Construction firm fined for interfering with water supply without consent
Construction firm Carpenter Projects has pleaded guilty to illegally interfering with the public water supply without consent in Liverpool. The company had built an apartment complex on Princeton Place in the city.
The firm was ordered to pay a total of £4,770 by a District Judge after the company accepted culpability. It pleaded guilty to one breach interfering with a water main without consent under section 174(1)(a) of the Water Industry Act 1991.
Liverpool Magistrates’ Court heard the firm had illegally interfered with the public water supply without consent from United Utilities (UU).

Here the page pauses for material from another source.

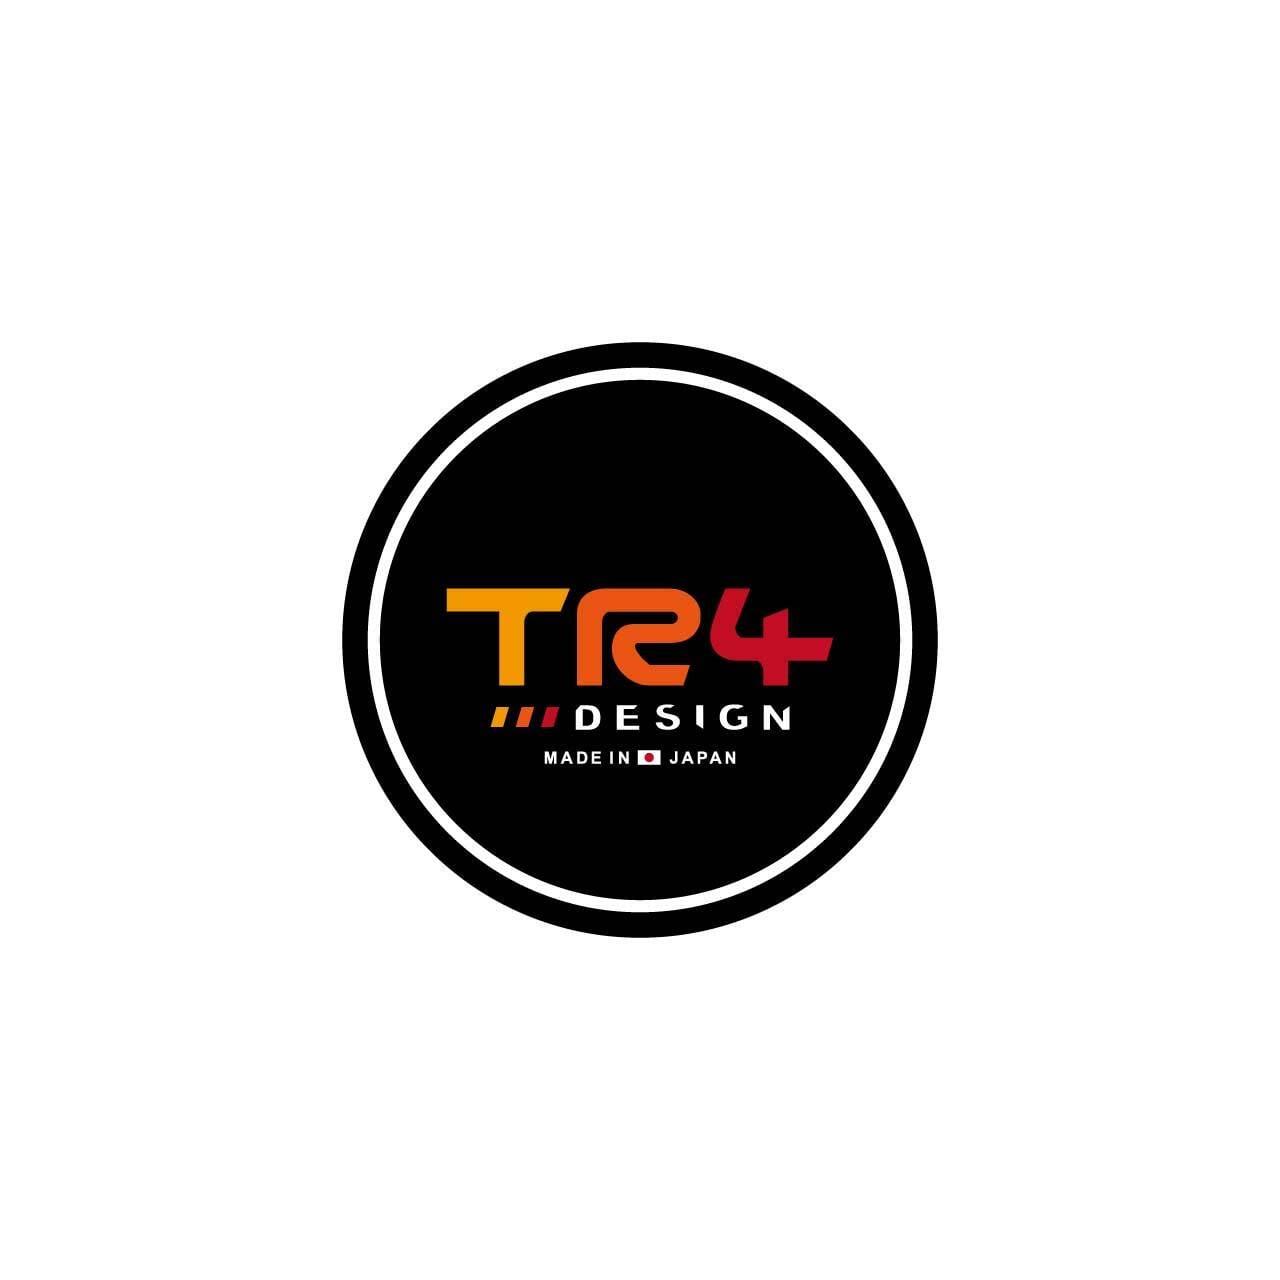 【 TR4Design 】TR4Design Sticker Decal #01

The water company first received telephone contact from an occupier of one of the flats at Princeton Place reporting a chemical and metallic odour to the water supply.
Specialist water quality sampling was undertaken, which indicated the presence of high concentrations of organic compounds in the water being supplied from the taps within the property. The tests had to be analysed at a laboratory in Warrington. The Cheshire & Merseyside Health Protection Team and UU issued a precautionary “Do Not Drink” advice to the occupants in Block A and B Princeton Place whilst investigations continued.
The court heard 31 customers called UU’s emergency control centre for help between April 26 and May 7, 2016.
Under caution, Carpenter Projects confirmed the connection was first made on or around July 2014 and, acting as the principal contractor for the development, instructed sub-contractors to attach the pipe to the public water supply.
Counsel for UU said significant efforts were made to locate the source connection given there had been no formal application. There was no indication of where or how this had been done, or whether the method of connection was safe or met the relevant UK regulatory requirements for the provision of drinking water to domestic properties.
High-tech specialist equipment called a ‘thumper’ device had to be used to locate underground water pipes by sending a rhythmic pulse and then picking up the noise with ground microphone. The investigation led engineers to a connection point located on Caryl Street, which was hidden.
Engineers spent weeks laying new pipework and inspecting alterations of internal pipework to ensure the 100-bed apartment blocks could be supplied with safe clean drinking water.